崖っ縁の森保ジャパン再建へ 堂安がLINEでU―23メンバーに活!!

2020年02月25日 16時40分

堂安律

 東京五輪エース候補が森保ジャパンの再建に動きだした。約5か月後の大一番に臨むU―23日本代表は1月のU―23アジア選手権(タイ)で惨敗を喫し、猛烈な批判にさらされている。さらに欧州でプレーする主力たちが出場機会を失うなどメダル獲得に向けて崖っ縁に追い込まれる中、日本代表MF堂安律(21=PSVアイントホーフェン)がリーダーとしての存在感を高めている。

 今夏の東京五輪に臨むU―23日本代表は、昨年11月にU―22コロンビア代表に完敗、1月のU―23アジア選手権で屈辱の1次リーグ敗退と低迷が続き、A代表指揮官と兼務する森保一監督(51)へのバッシングがやむ気配はない。

 さらに次の国際親善試合(3月27日、京都)では、東京五輪の出場権を獲得したU―23南アフリカ代表と対戦予定だったが、同国サッカー協会が日本での新型コロナウイルスの感染拡大を懸念。代表チームの派遣を取りやめる意向を日本協会に文書で通知してくるなど、強化プランが大きく狂う可能性が出てきた。

 しかも、どん底の状況に追い打ちをかけるように、五輪代表の主力となる欧州組がクラブで出場機会の確保に四苦八苦。森保監督も、欧州行脚の際に「レギュラーとして出てほしい」と五輪イレブンにゲキを飛ばすほど本番へ向けてチームは苦境に陥っている。
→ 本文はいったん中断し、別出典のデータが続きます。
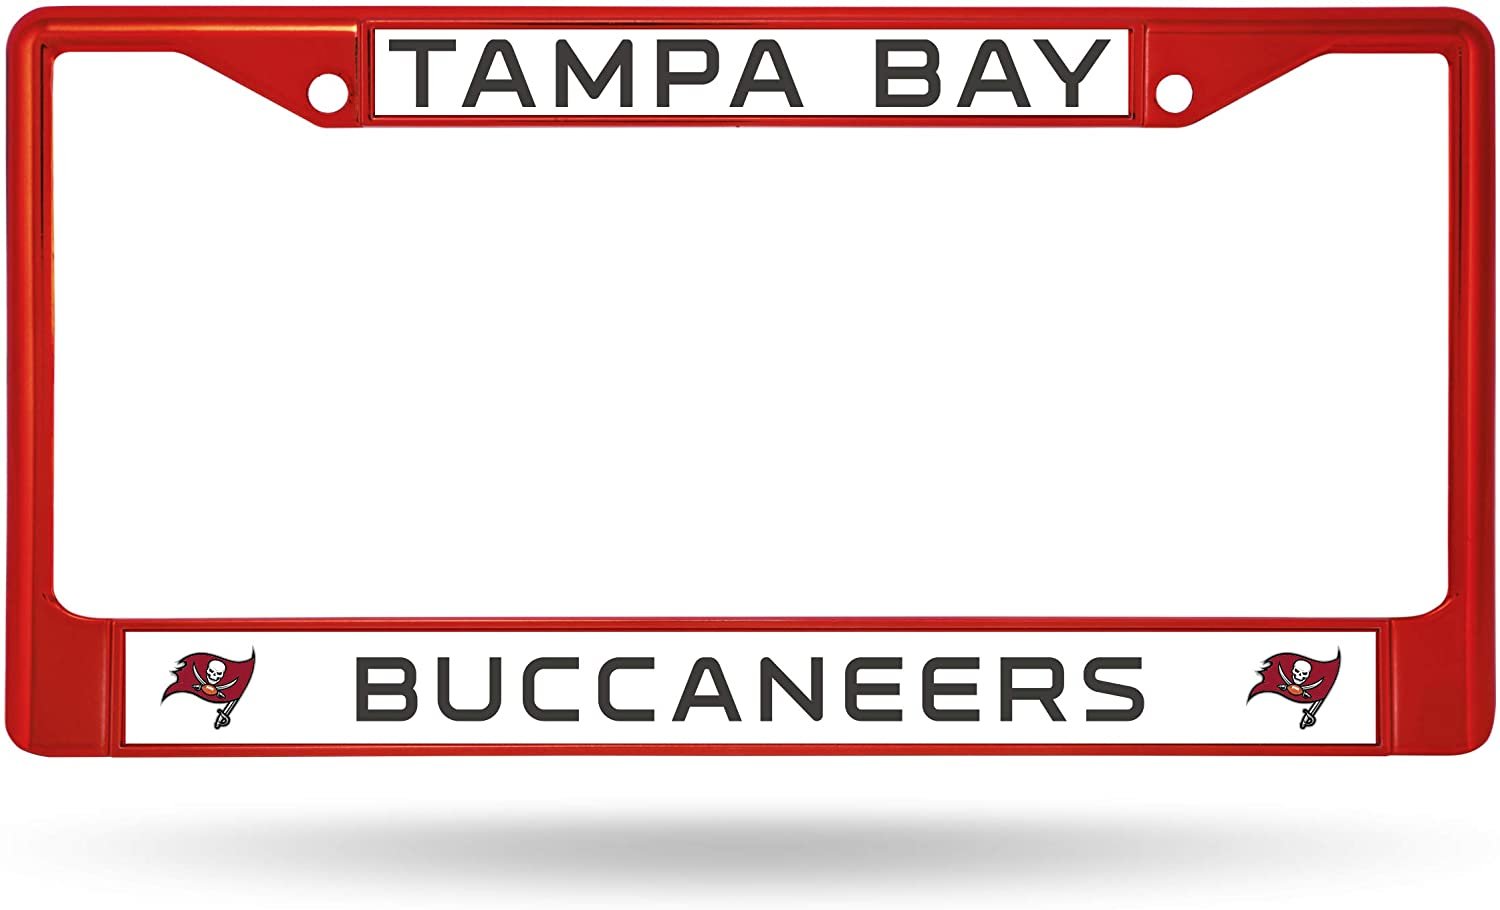 Tampa Bay Buccaneers Premium Red Metal License Plate Frame Tag Cover, 6x12 Inch

そんな中でアクションを起こしたのが堂安だった。

 五輪世代のある代表選手によると「(五輪代表の)グループLINEで律が『みんな頑張ろうぜ』みたいな声かけをして(他の選手が)発奮するきっかけになっている。いつも積極的に自分の考えを発信するタイプでもあるので」。若手の“出世頭”でチームの大黒柱となる堂安がイレブンに活を入れているという。

 五輪エース候補は周囲の期待も自覚しており、初めてベストメンバーが集まった昨年11月の合宿でも「日本で(五輪を)やるのは特別なもの。優勝すればヒーローになれる」と熱弁を振るってリーダーシップを発揮。その後チームが低迷する状況を受けて、改めてチーム全体に奮起を促しているわけだ。

 もちろん、堂安の発信するメッセージは自分への活でもある。今季はオランダの名門PSVに移籍。開幕当初こそ活躍したが、監督交代を機に出場機会が減り、今年に入ってから先発出場はゼロ。代表の同僚だけでなく自らも今が正念場と考えており、チームを鼓舞しながら自身も追い込んでいる。

 欧州を視察した森保監督と、MF板倉滉(23=フローニンゲン)、MF中山雄太(23=ズウォレ)とともに面談した際、堂安は戦術に関する議論やチームの改善案を積極的に意見したという。存在感を高める陰のリーダーが再建のキーマンとなりそうだ。